Saeed Mozamel M, Al Aghbari Zaher, Alsharidah Mohammed
Department of Computer Science, Prince Sattam Bin Abdul Aziz, Riyadh, Saudi Arabia.
Department of Computer Science, University of Sharjah, Sharjah, United Arab Emirates.
PeerJ Comput Sci. 2020 Nov 30;6:e321. doi: 10.7717/peerj-cs.321. eCollection 2020.

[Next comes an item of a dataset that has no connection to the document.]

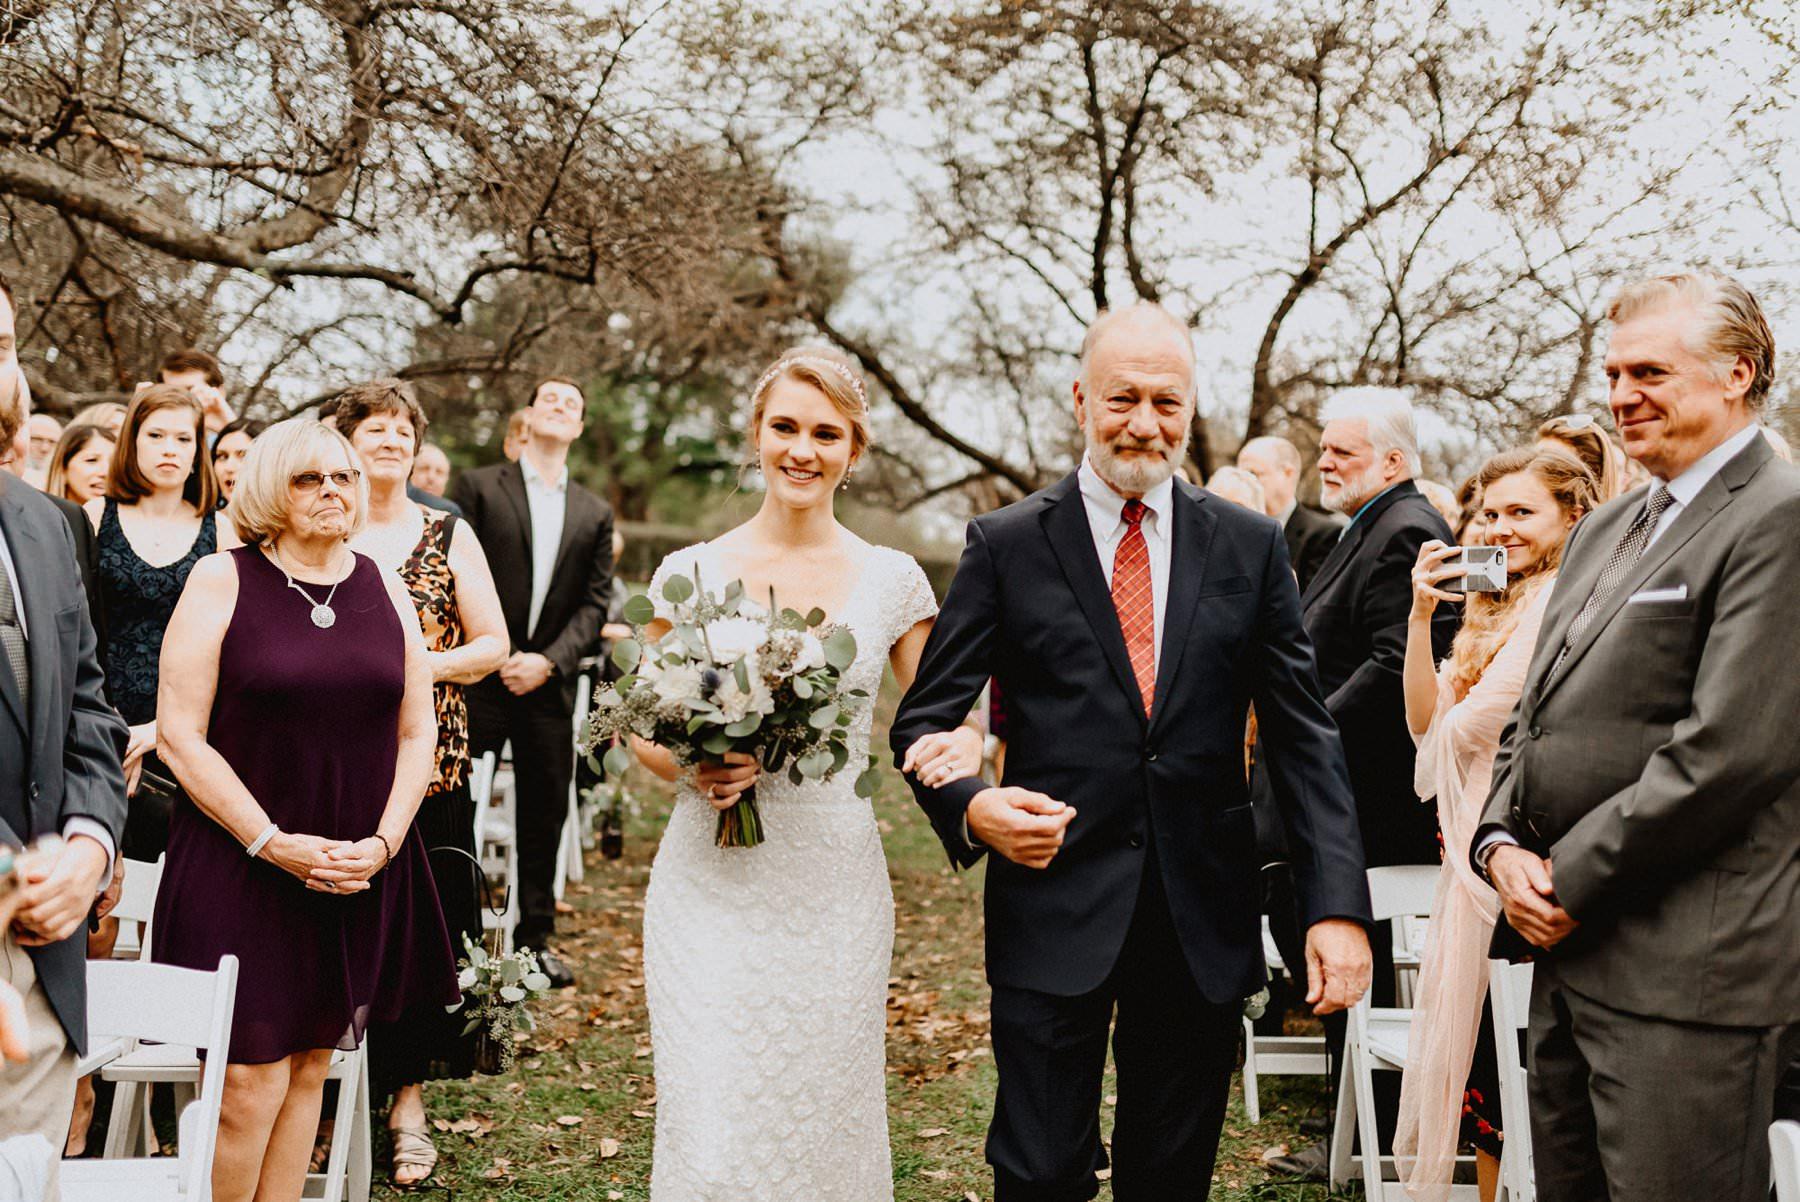 John_James_Audubon_Center_wedding-42.jpg

A popular unsupervised learning method, known as clustering, is extensively used in data mining, machine learning and pattern recognition. The procedure involves grouping of single and distinct points in a group in such a way that they are either similar to each other or dissimilar to points of other clusters. Traditional clustering methods are greatly challenged by the recent massive growth of data. Therefore, several research works proposed novel designs for clustering methods that leverage the benefits of Big Data platforms, such as Apache Spark, which is designed for fast and distributed massive data processing. However, Spark-based clustering research is still in its early days. In this systematic survey, we investigate the existing Spark-based clustering methods in terms of their support to the characteristics Big Data. Moreover, we propose a new taxonomy for the Spark-based clustering methods. To the best of our knowledge, no survey has been conducted on Spark-based clustering of Big Data. Therefore, this survey aims to present a comprehensive summary of the previous studies in the field of Big Data clustering using Apache Spark during the span of 2010-2020. This survey also highlights the new research directions in the field of clustering massive data.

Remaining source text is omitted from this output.